In Ordanvale, the winter wouldn’t have even started for another month, and in Brin proper, it might have been a few weeks later than that, but he was in the high mountains now, and warmth was as fleeting in the weather as it was in the people.
None of that bothered Simon once he bought enough firewood to light all four hearths and patched the holes in the walls and ceiling where the heat was leaking from. After all of that hard work was done, he was looking forward to bundling up for the winter and studying a few of his projects. Unfortunately, that was the same time that the white fever broke out among the residents of the capital.
While not as wretched as some of the plagues he’d seen, it was still nasty stuff. Those who were afflicted by it suffered high fevers, pale skin, and distant, milky gaze as if they were halfway to blindness.
Apparently, it wasn’t uncommon, though this year was worse than most. He hadn’t dealt with it before but had the chance to study it up close when Kayla fell ill. Then, after seeing how hard she struggled to work through it, he decided that he should probably try to help the other residents of the city.

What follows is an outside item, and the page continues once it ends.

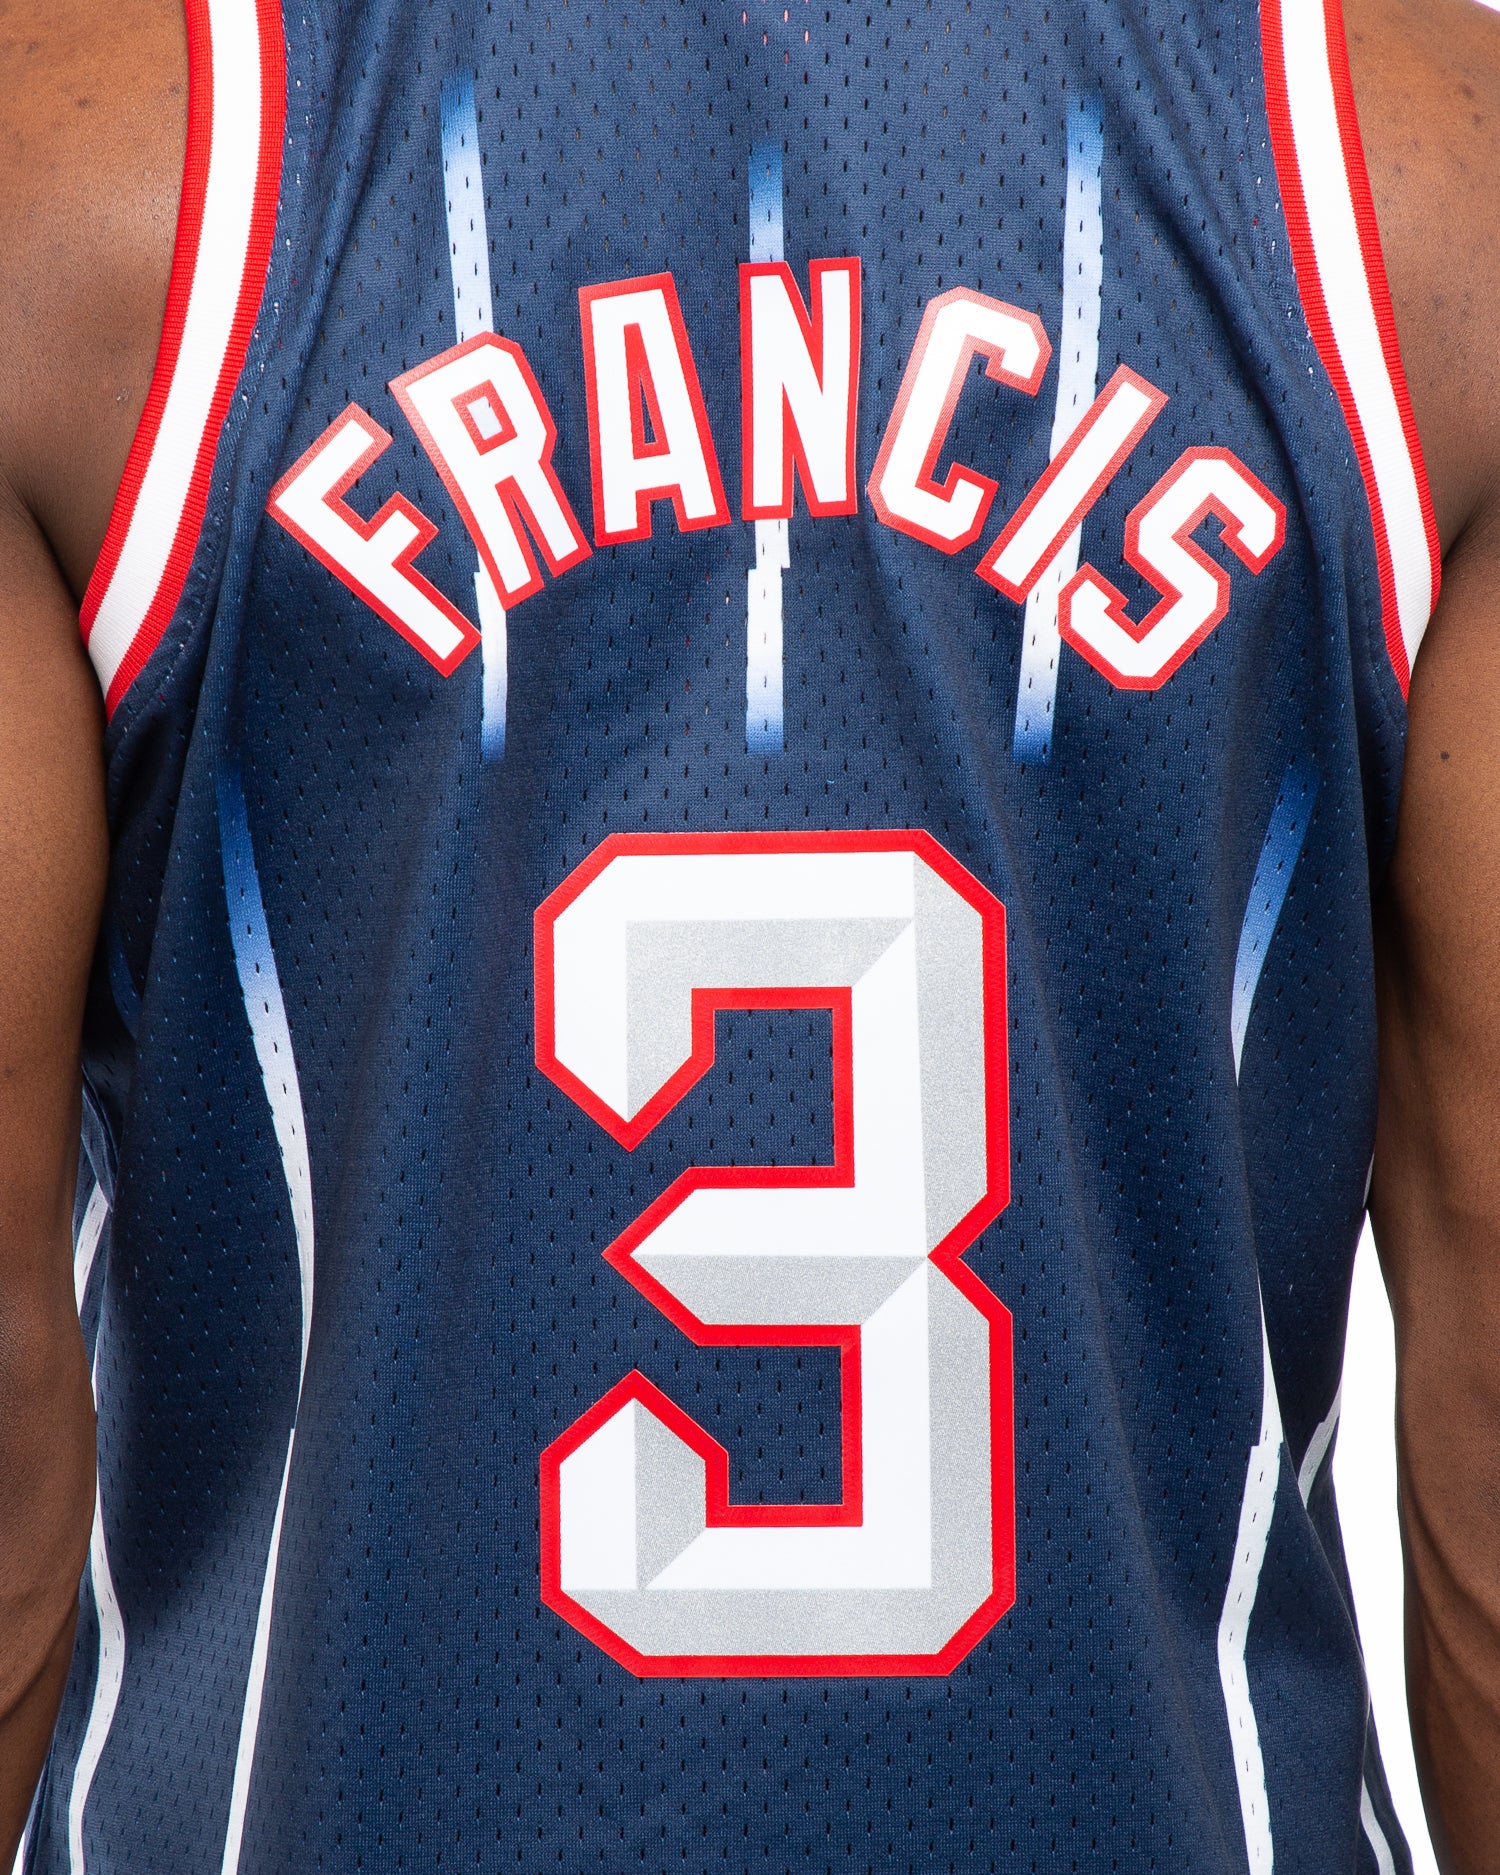 steve francis jersey mitchell and ness

Adonan had not been kind to him, but he was not feeling vengeful about it. Instead, he started with the smallest clans, going door to door and offering his services as a healer. The most common reaction was to slam the door in his face or undisguised skepticism. “What expertise does a sellsword have with herbs,” the matron of clan Kerrara demanded.

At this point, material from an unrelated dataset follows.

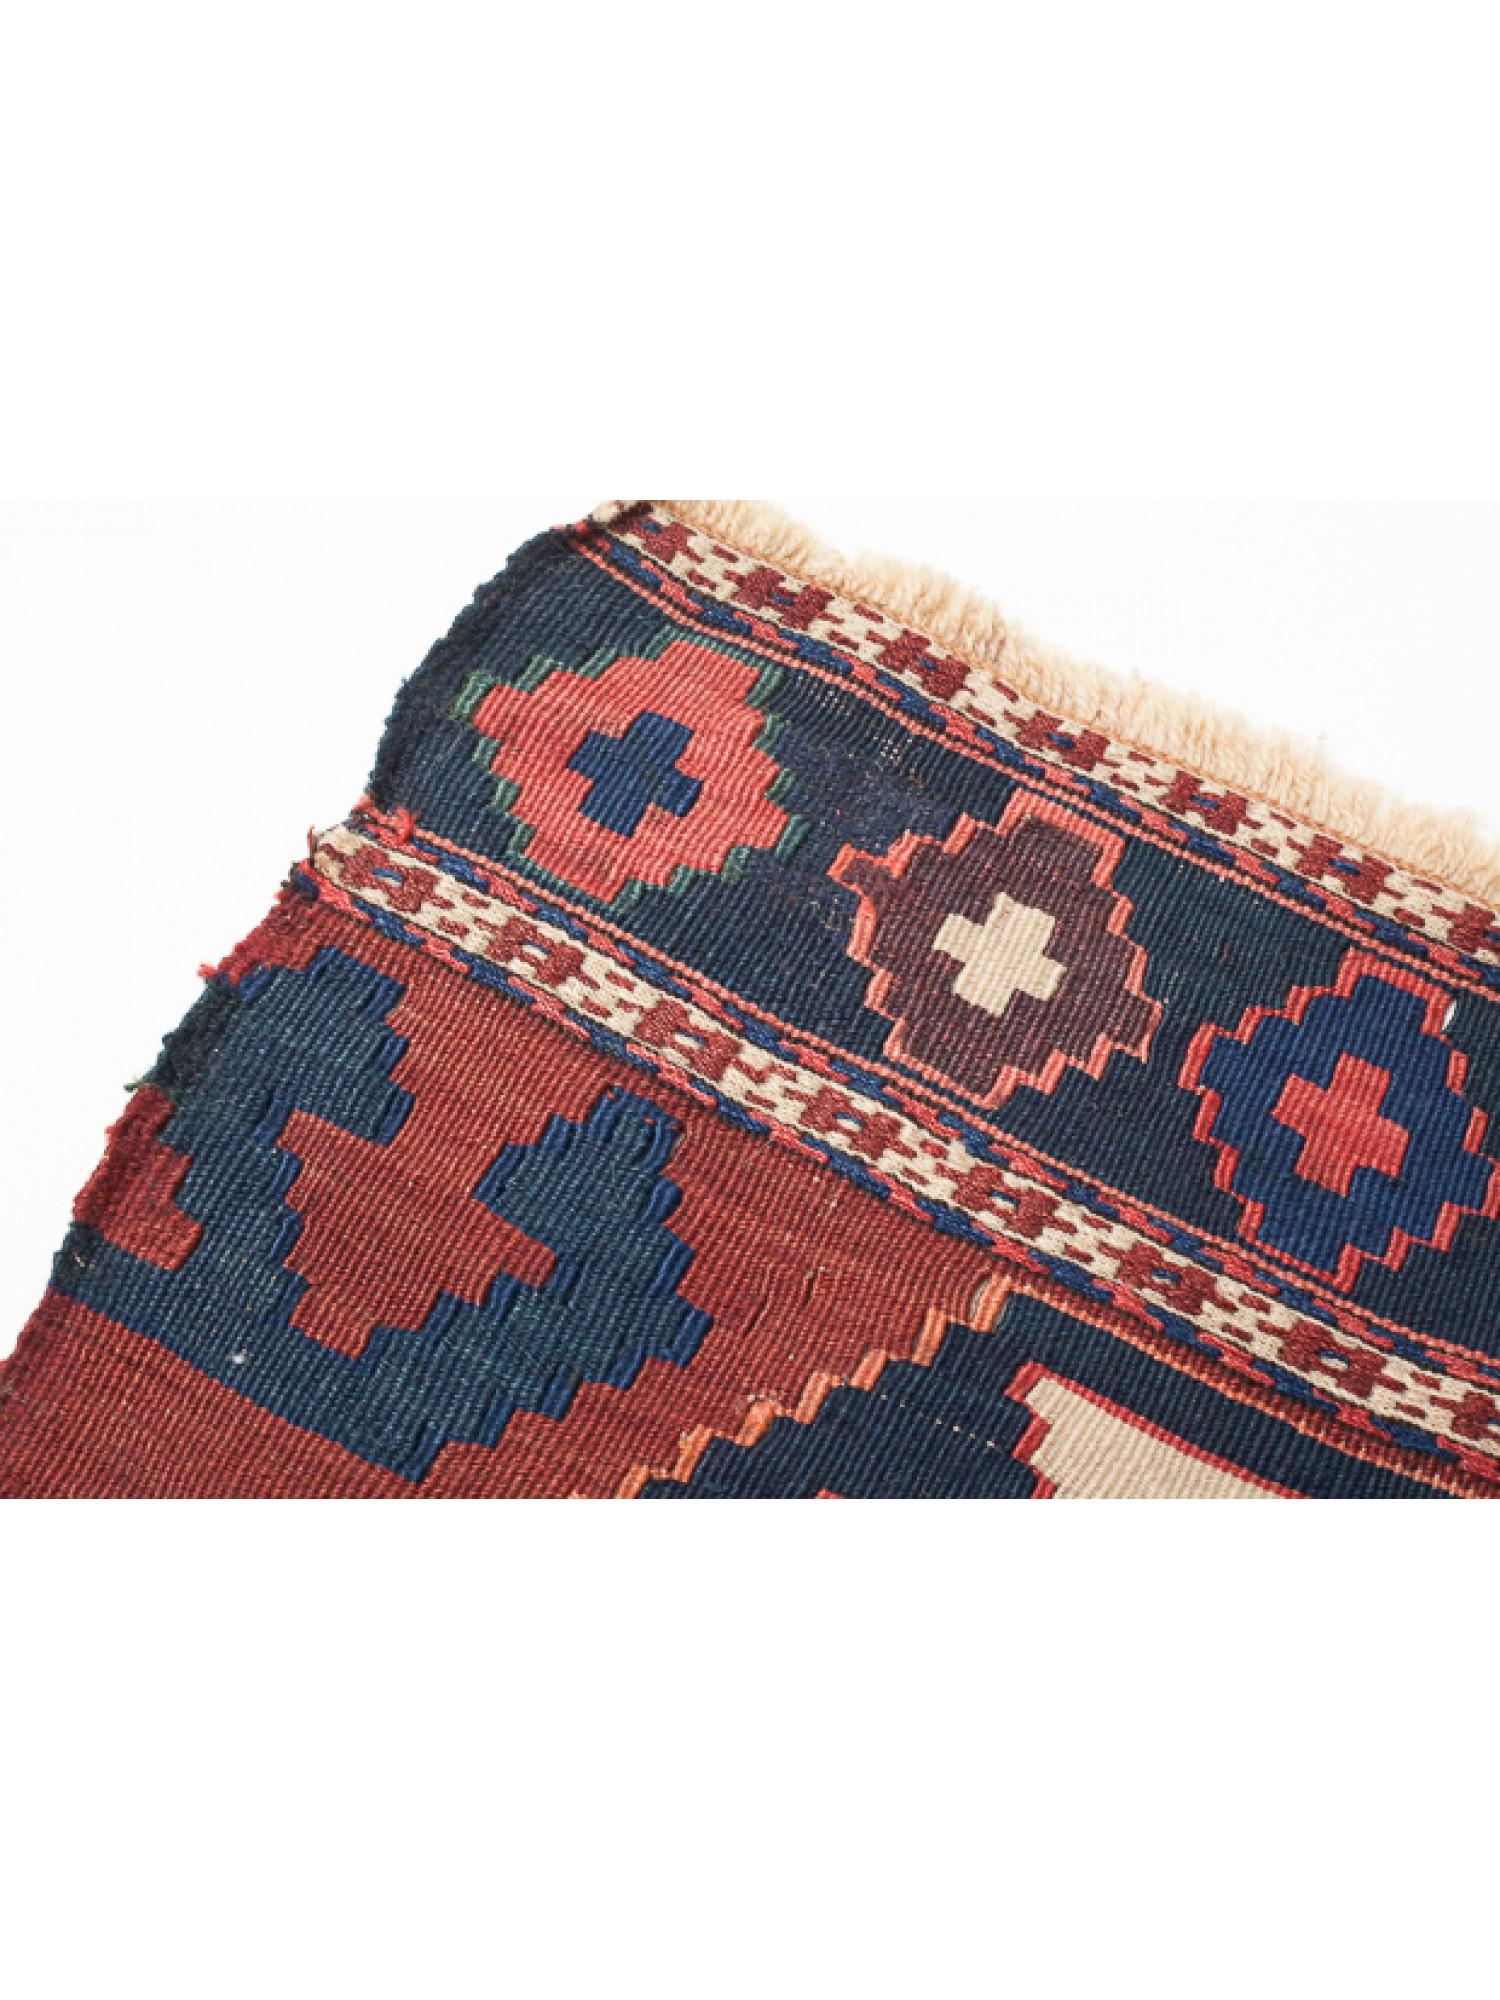 Antique Early 20th Century Caucasian Kilim Woven Cradle Part, Natural Dyed In Good Condition For Sale In Tokyo, JP

It was certainly a reasonable question, but fortunately, he had an old lie already prepared that came to his lips so smoothly that it was practically the truth by now. “When you get wounded as many times as I have on the battlefield, you learn how to fight a great many maladies.”
Only some he was allowed to help. Unfortunately, those were often the people who were truly desperate and in need of a miracle. Fortunately, Simon was good at those. While he prescribed rose hip tea, a cold compress, and bedrest, as well as a cessation of all bloodletting, the real heavy lifting was done by whispered words of curing in those dire cases.
All of that advice was good advice, of course, and would be of genuine help to anyone who was afflicted, but most of those he was allowed to see at first would not have survived without magic. It frustrated him that he had to lean so much on those powers for the first time in years, and he knew this would set back his attempts at regaining clarity, but he wasn’t about to let people die when he could save them. Given that this fever tended to affect the young far more than the old, the idea of doing nothing when he had the power to save so many innocents struck him as barbaric.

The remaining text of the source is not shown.